→ **The problem**: Would you repeat the listing exactly, without any of its images?

Exercise data Start Marker

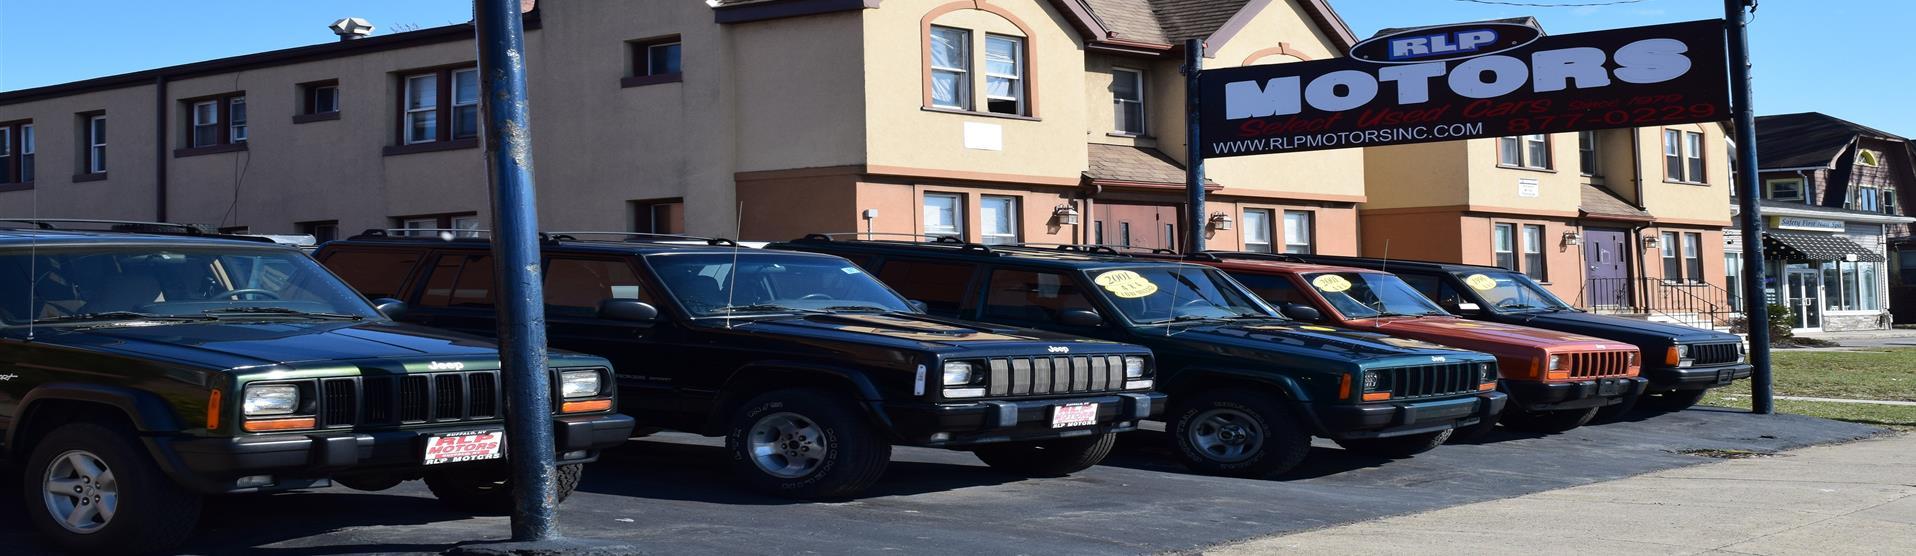 Used Cars Buffalo >> Used Cars Buffalo Ny Used Cars Trucks Ny Rlp Motors Inc
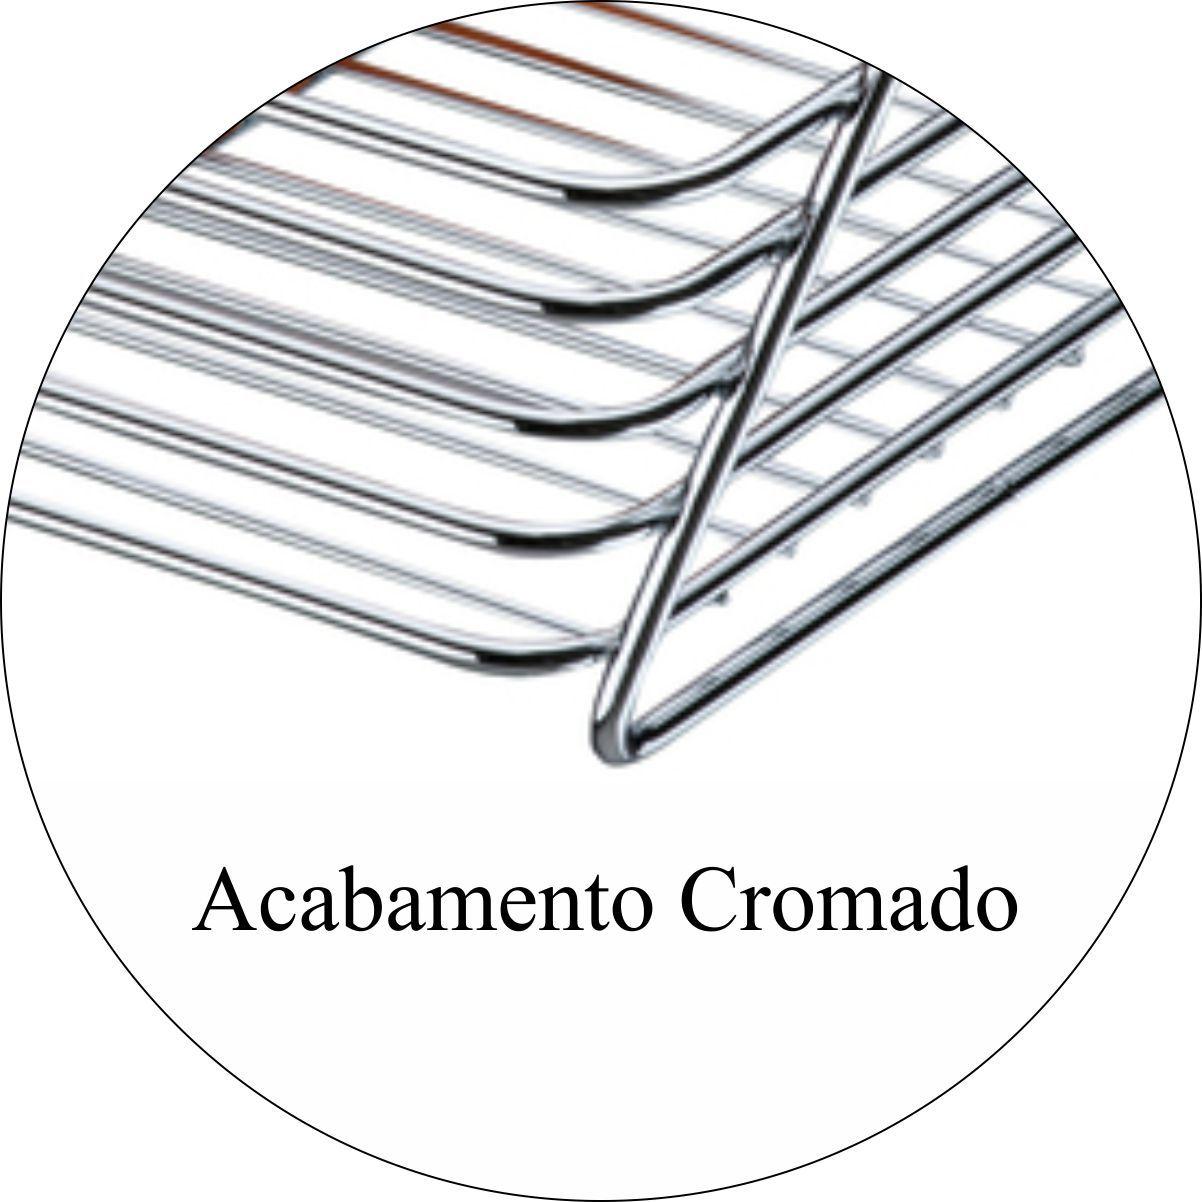 Cesto Multiuso De Bancada 31 x 23 cm - Cromado
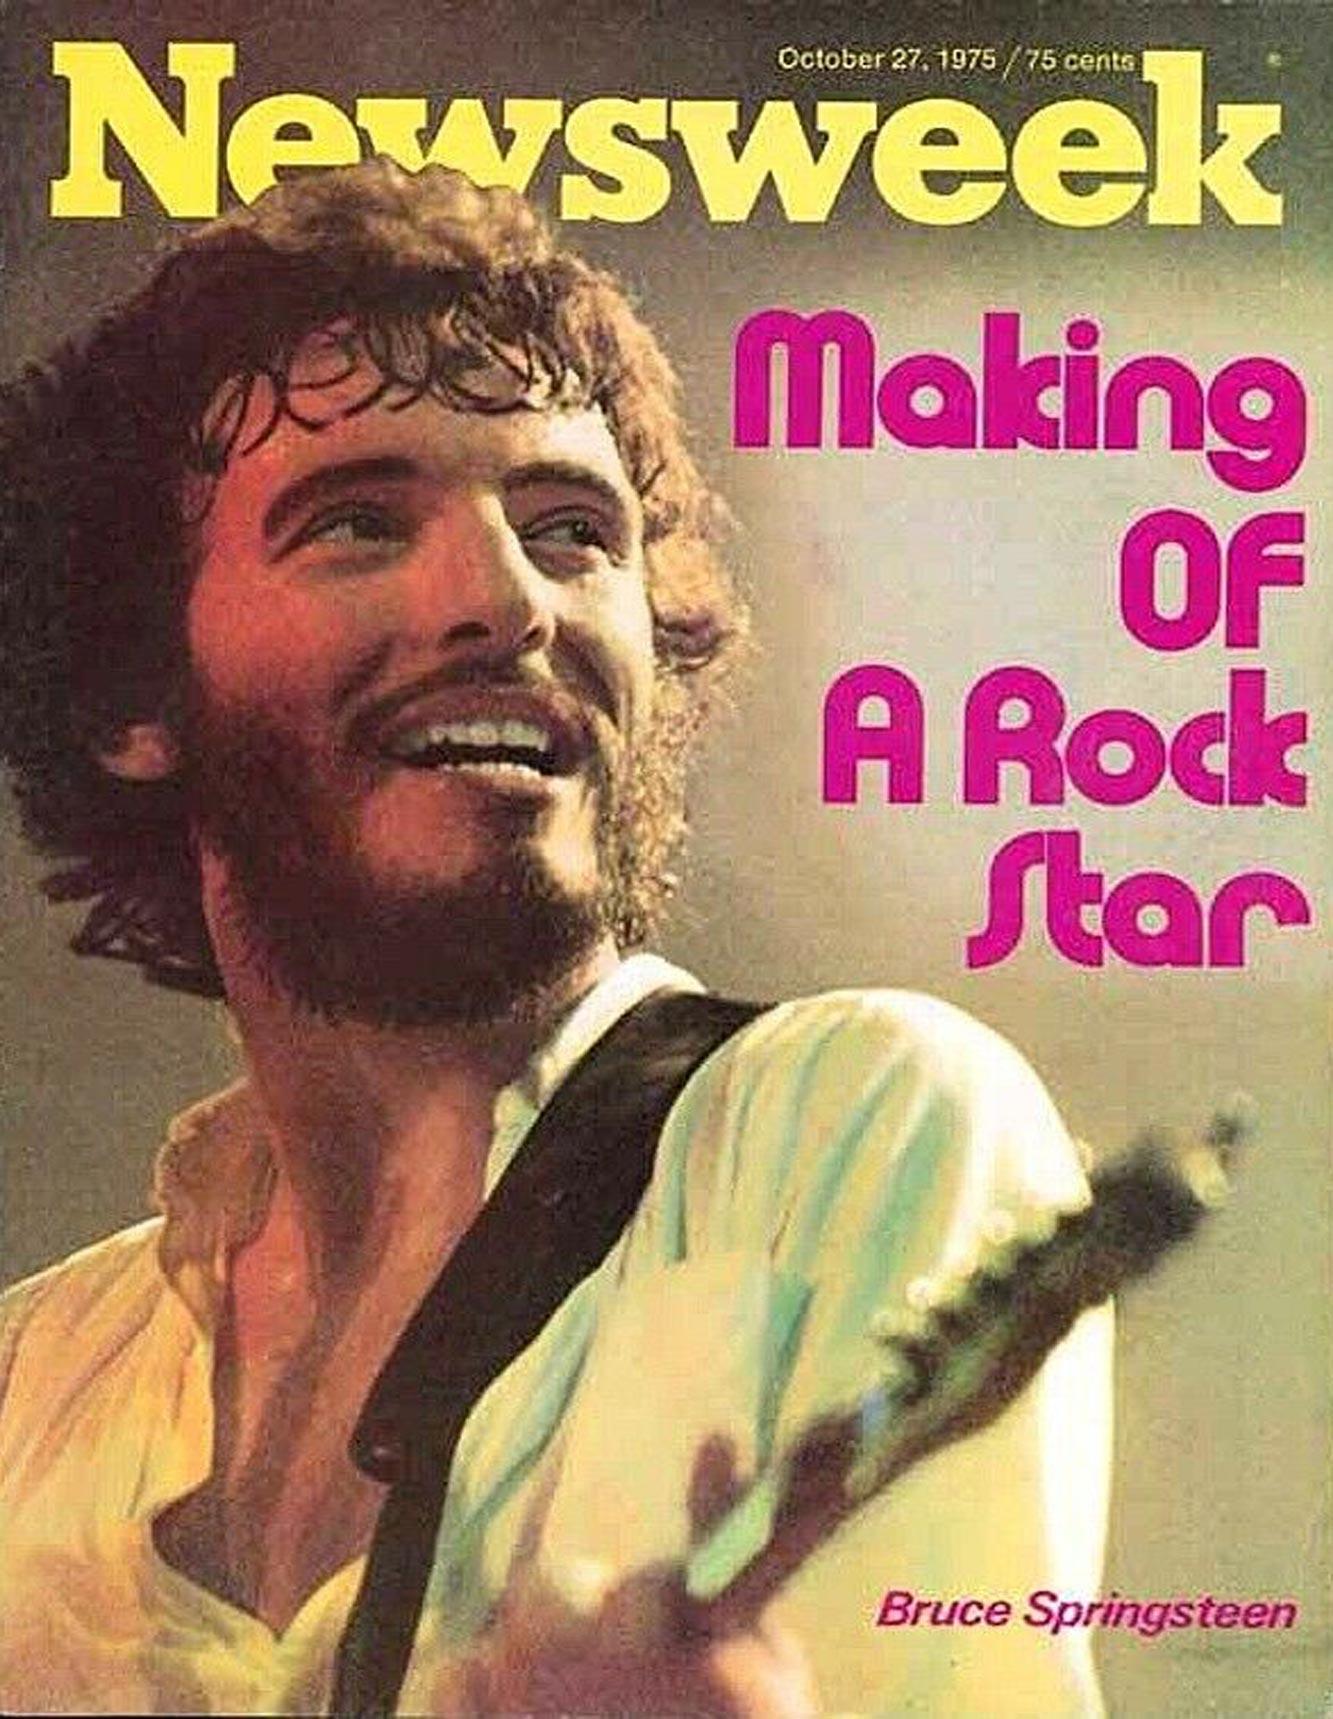 Bruce Springsteen 1975 Newsweek cover

Exercise data End Marker

→ **Problem solution**:
 Used Cars Buffalo >> Used Cars Buffalo Ny Used Cars Trucks Ny Rlp Motors Inc
 Cesto Multiuso De Bancada 31 x 23 cm - Cromado
 Bruce Springsteen 1975 Newsweek cover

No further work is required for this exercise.